Вторая, совершенно неожиданная часть книги, откуда я и взяла стихотворение «Феминизм…», не случайно названа «Логика драматургии». Если жизнь такова, какова она есть, и никакими поэтическими заклинаниями ее не исправить, то именно «знанье несвободы» позволяет автору стать сознательным участником пьесы, живущей по собственной логике, смело в эту логику всмотреться и, более того, как бы встроиться. «Сменить коня», включиться в эти игры, игры «свободы», снова надеть маску. Не хотите традиции — получайте верлибр.

Удивительно, но именно верлибр помогает Елагиной совершенно освободиться и сыграть себя «другую». Верлибр вообще форма, требующая ответственности. Так вот, она вполне за себя отвечает, ее высказывание весомо и парадоксально. Ключом ко всему разделу мне показалось простое с виду стихотворение «Глажу ночные рубашки». Здесь вещи, эти «патологические долгожители», превращаются в домашний некрополь, банк памяти. Наглаживая ворох чиненого-перечиненого белья, героиня вспоминает об ушедших — матери, подругах. Финальная строчка — «а европейцы, говорят, / вообще не гладят нижнее белье — / экономят электричество». Экономия электричества, она же экономия души, — разве это не главная «фишка» нового времени?
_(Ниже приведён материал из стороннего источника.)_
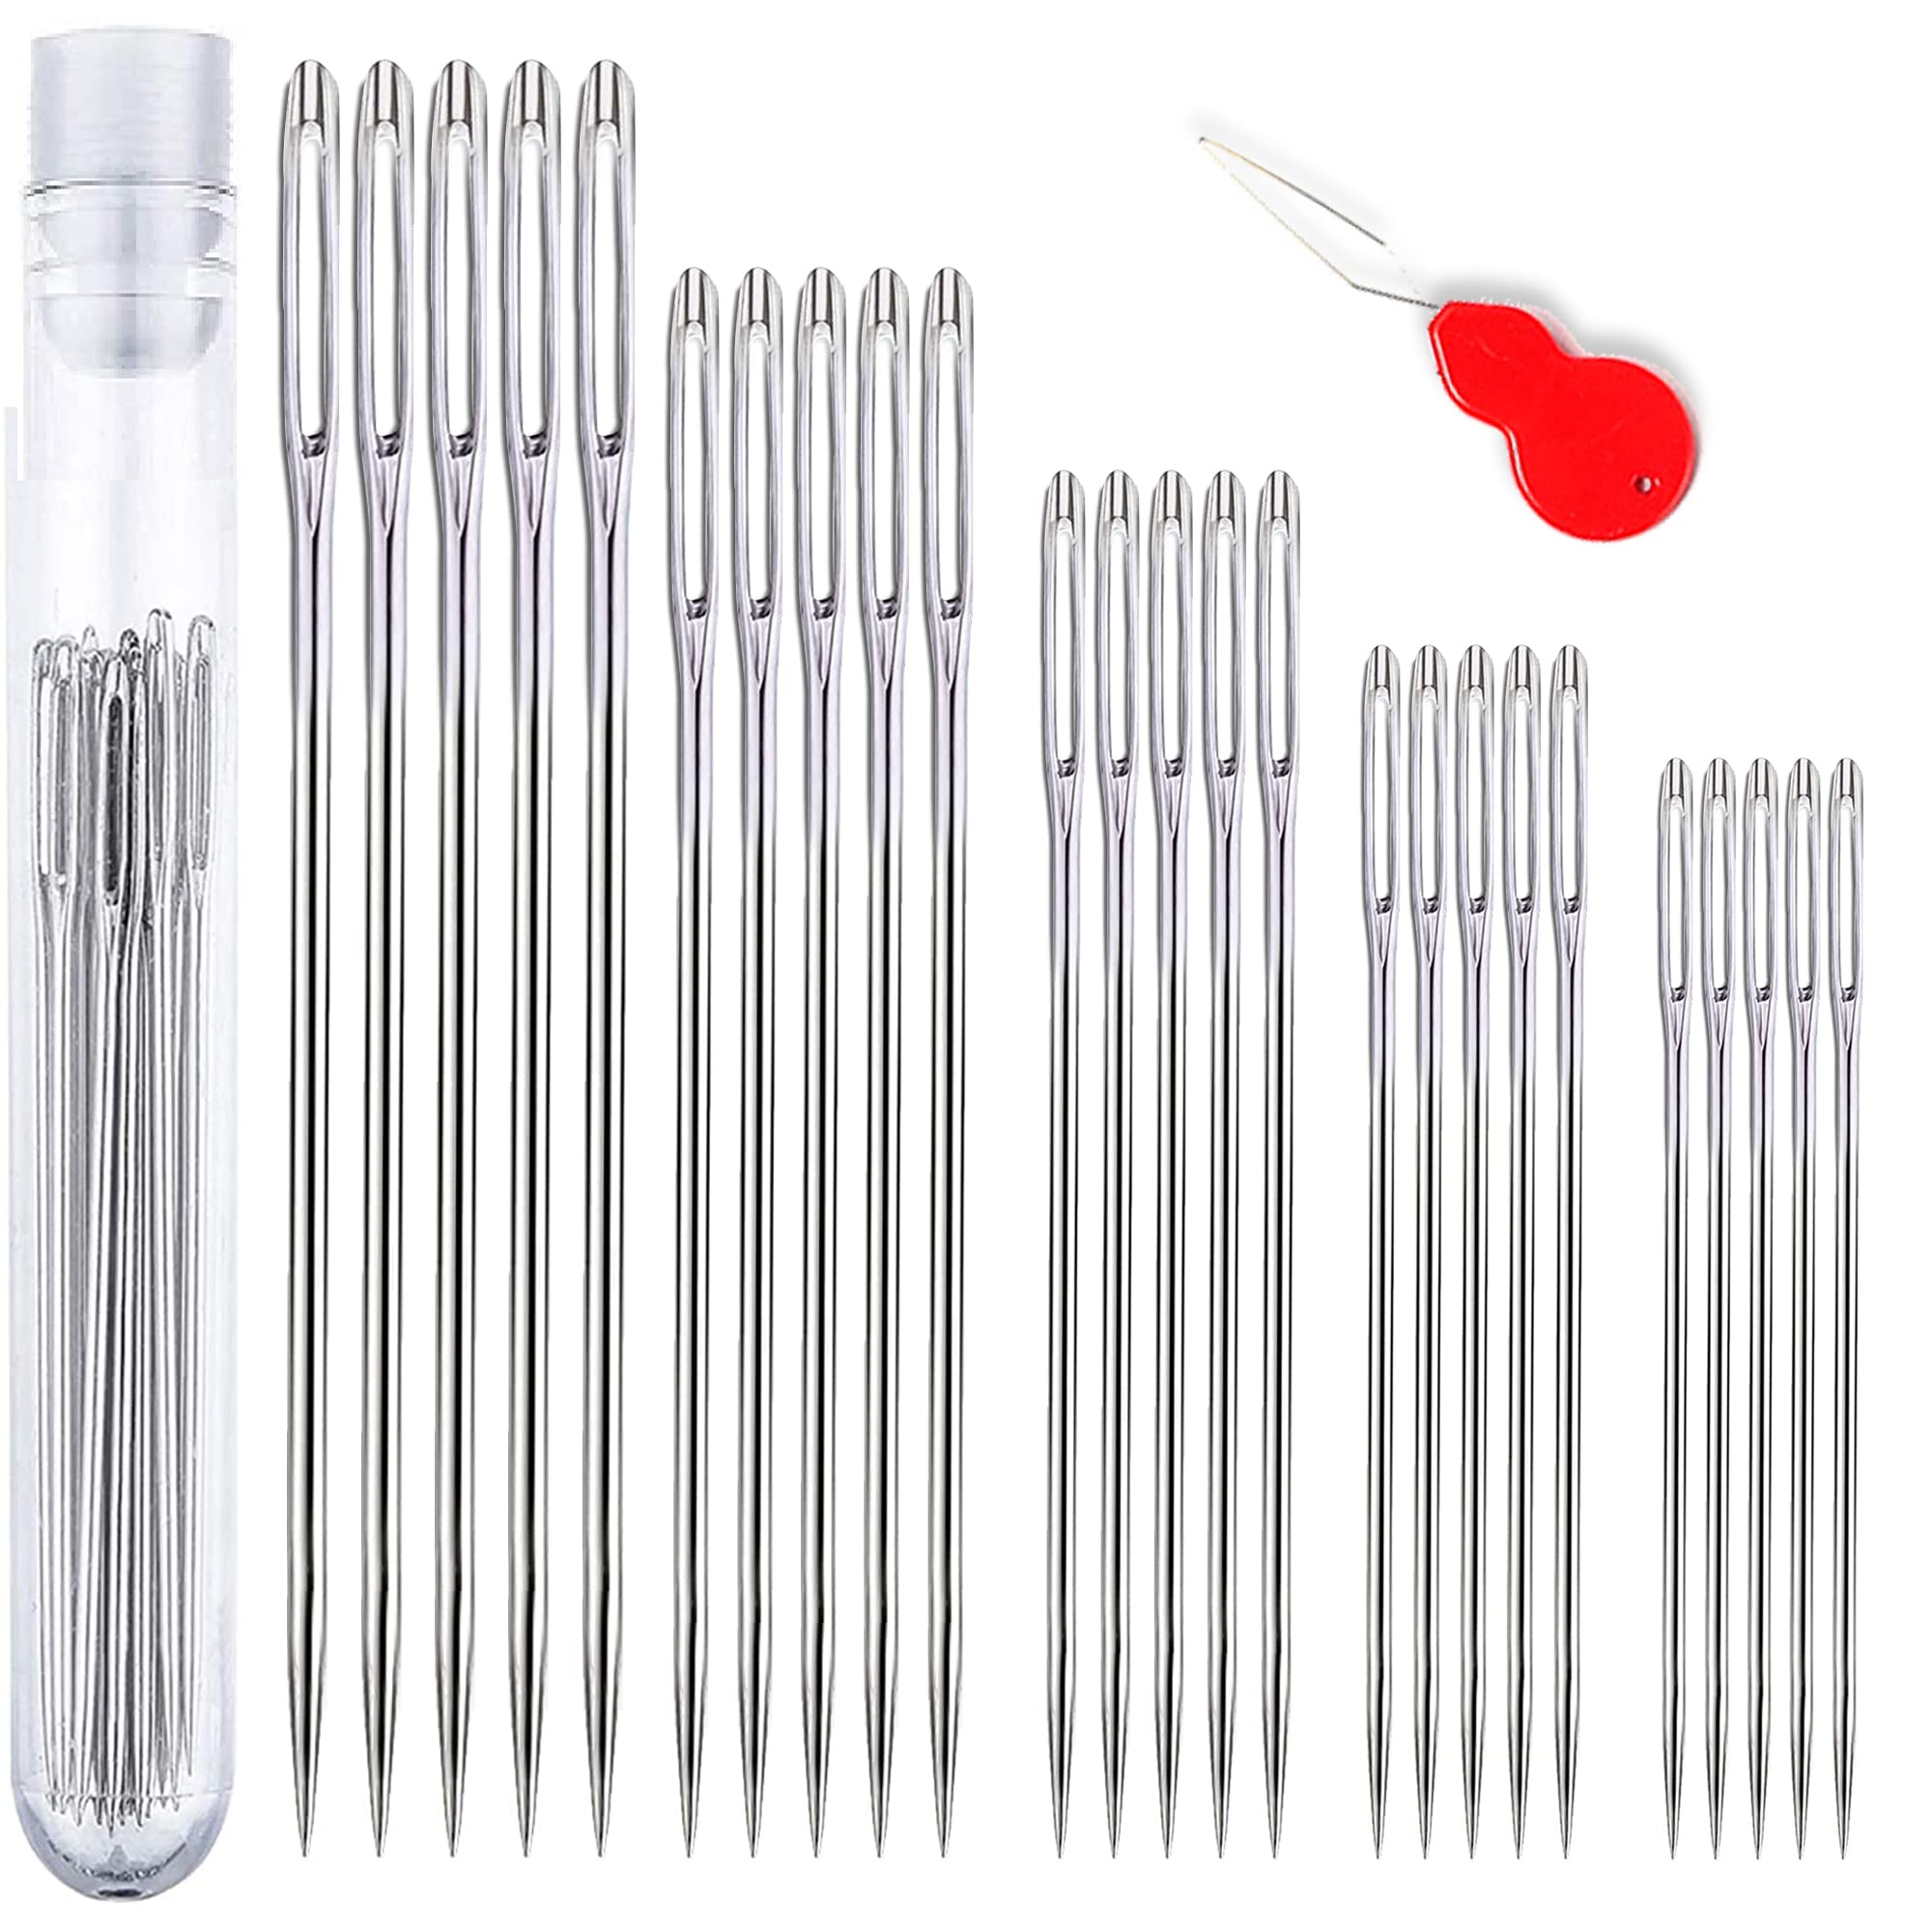 28PCS Large Eye Sharp Sewing Needles 1.5-2.5 Stainless Steel Hand Quilting  Needles Four Sizes In A Handy Storage Tube - AliExpress
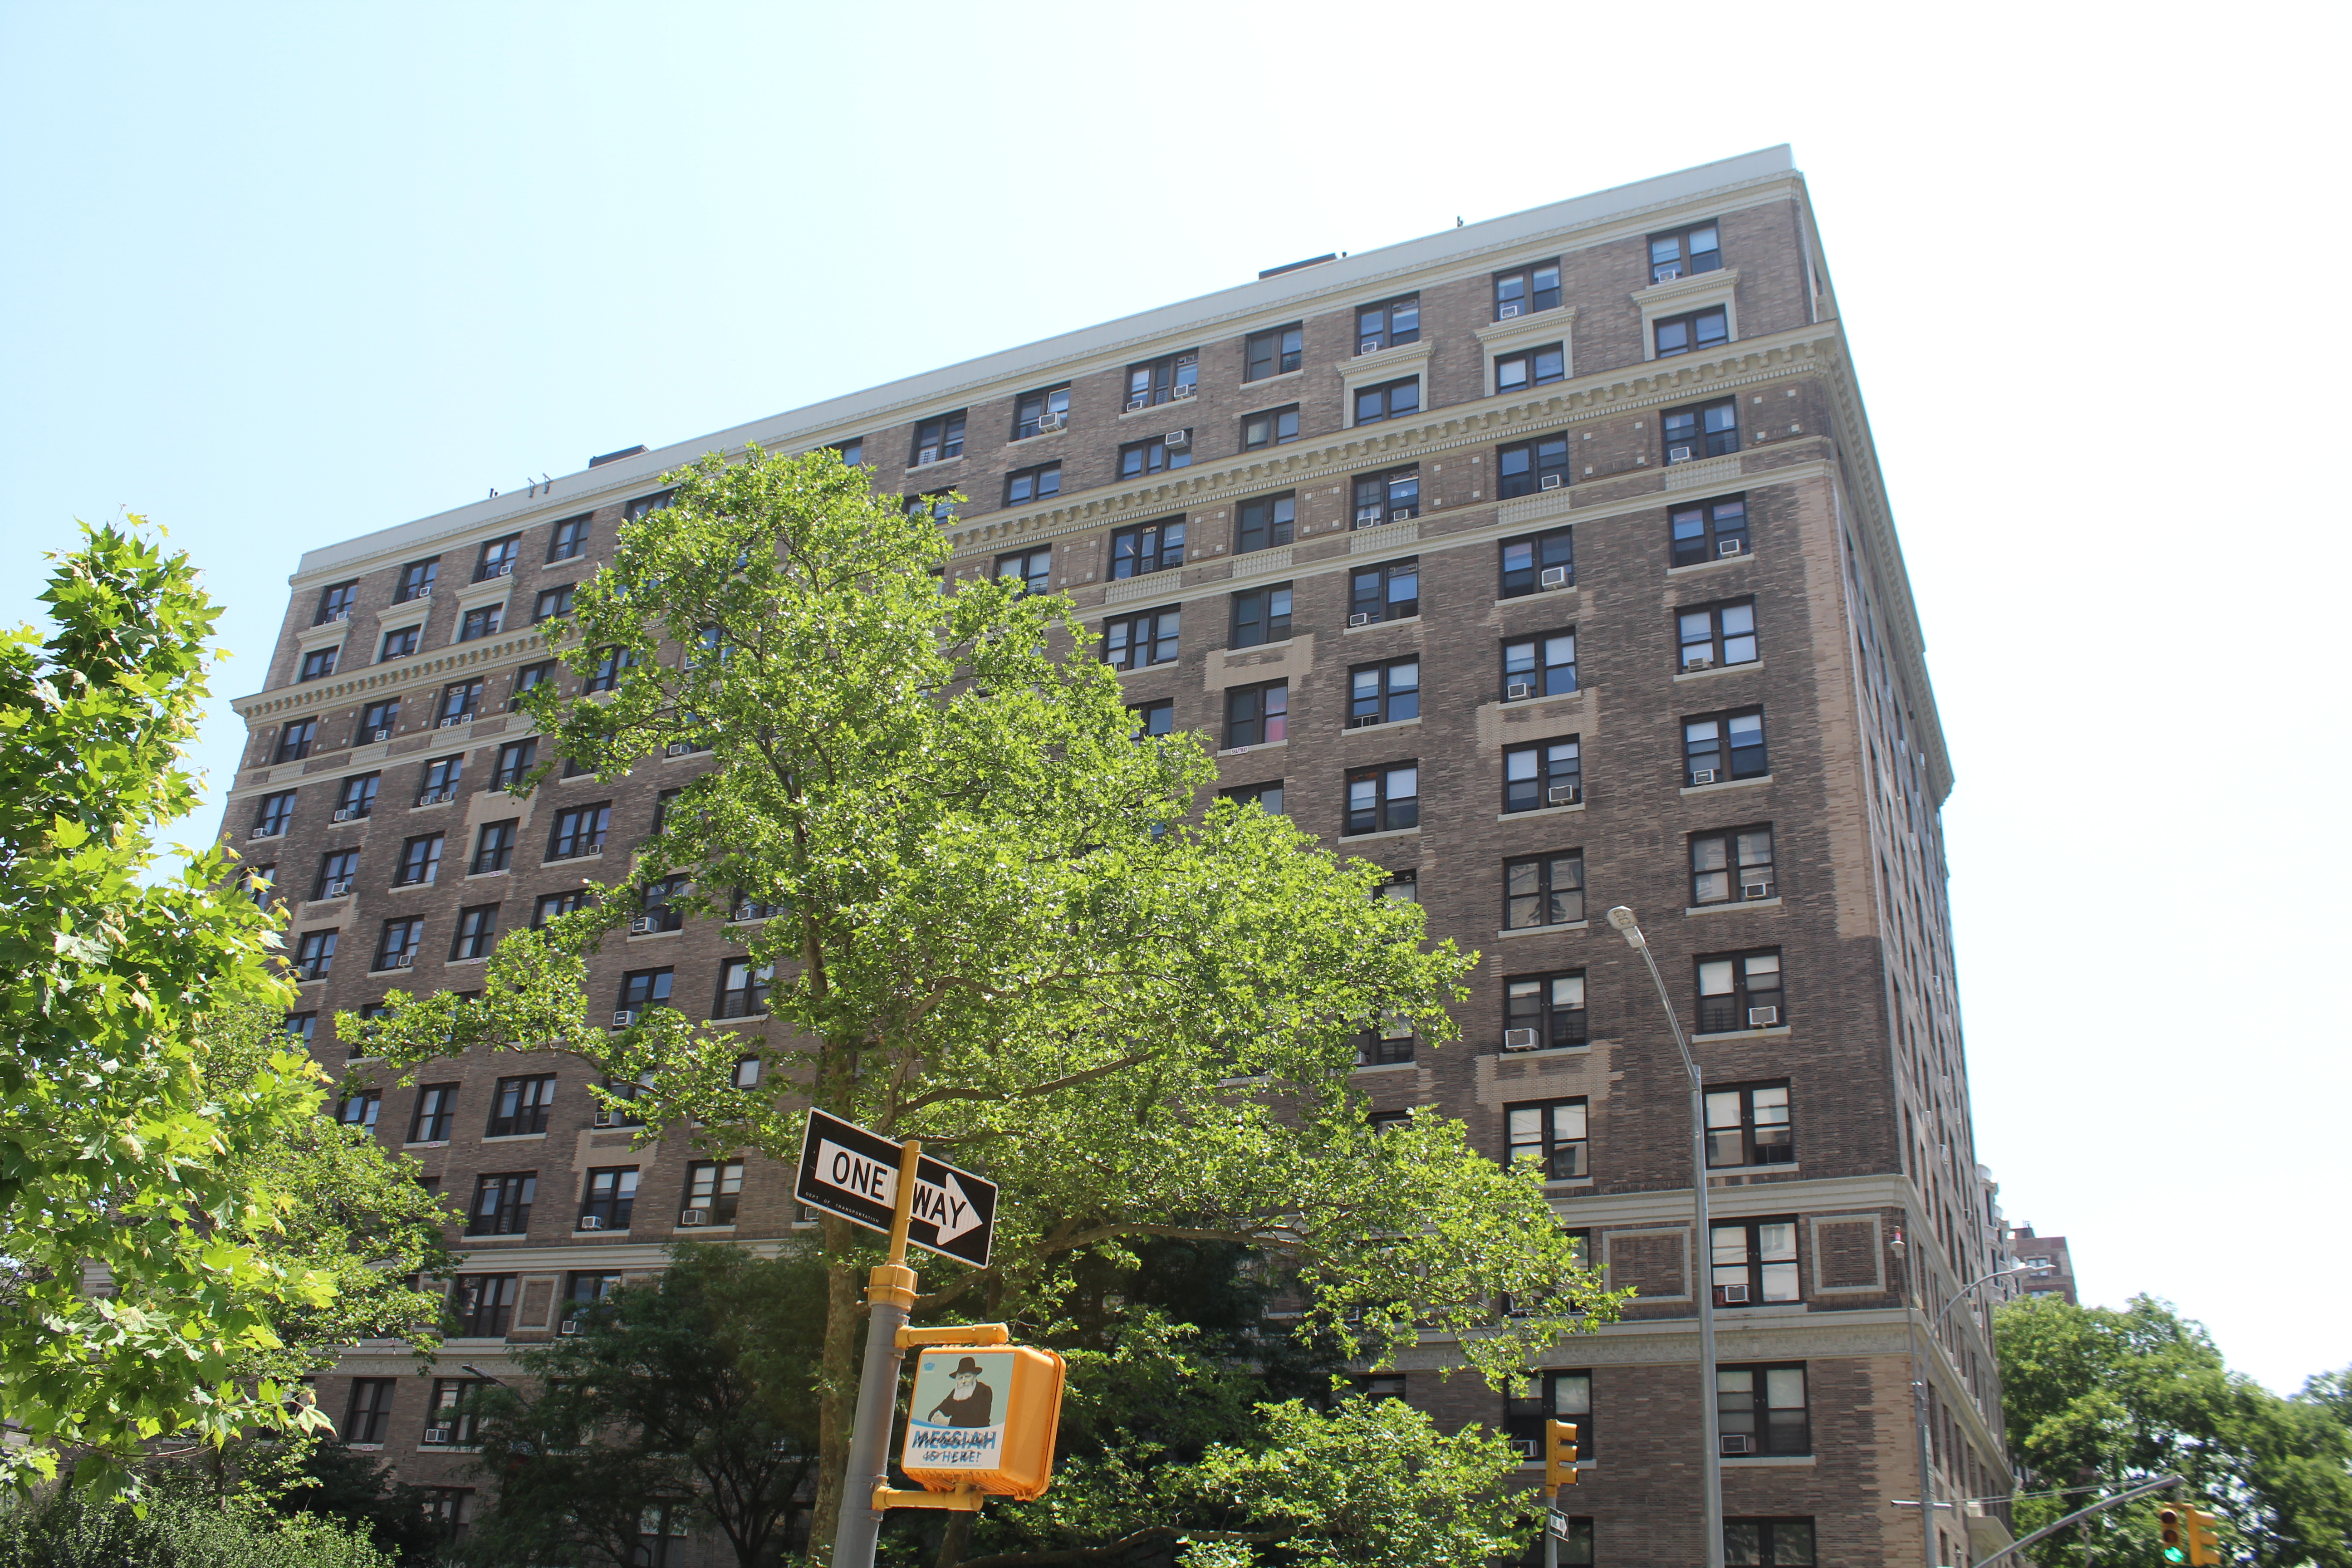 2200-2208 Broadway, AKA 227-229 West 79th Street, 230 West 78th Street: The Sanford & The Rexford

Стихотворение «Кольца» хочется процитировать целиком:

О, серебряный экуменизм правой кисти!

Санскритской мантрой украшен мизинец,

греческий строгий меандр

язычески поблескивает на безымянном,

а христианское реченье

по-хозяйски возлежит на среднем.

И всем хорошо.

Опять провокативная двойственность, как в «Феминизме…». С одной стороны, налицо то самое пространство свободы, где сакральные знаки всех религий сведены к гламурным украшениям, и именно в этом состоянии «всем хорошо». С другой стороны, тонкие смыслы слов и символов в такой микс-культуре уже не улавливаются, они безвозвратно потеряны (скажем, санскрит не имеет отношения к экуменизму, но это мало волнует говорящего), отчего не утратившим языка читателям становится грустно.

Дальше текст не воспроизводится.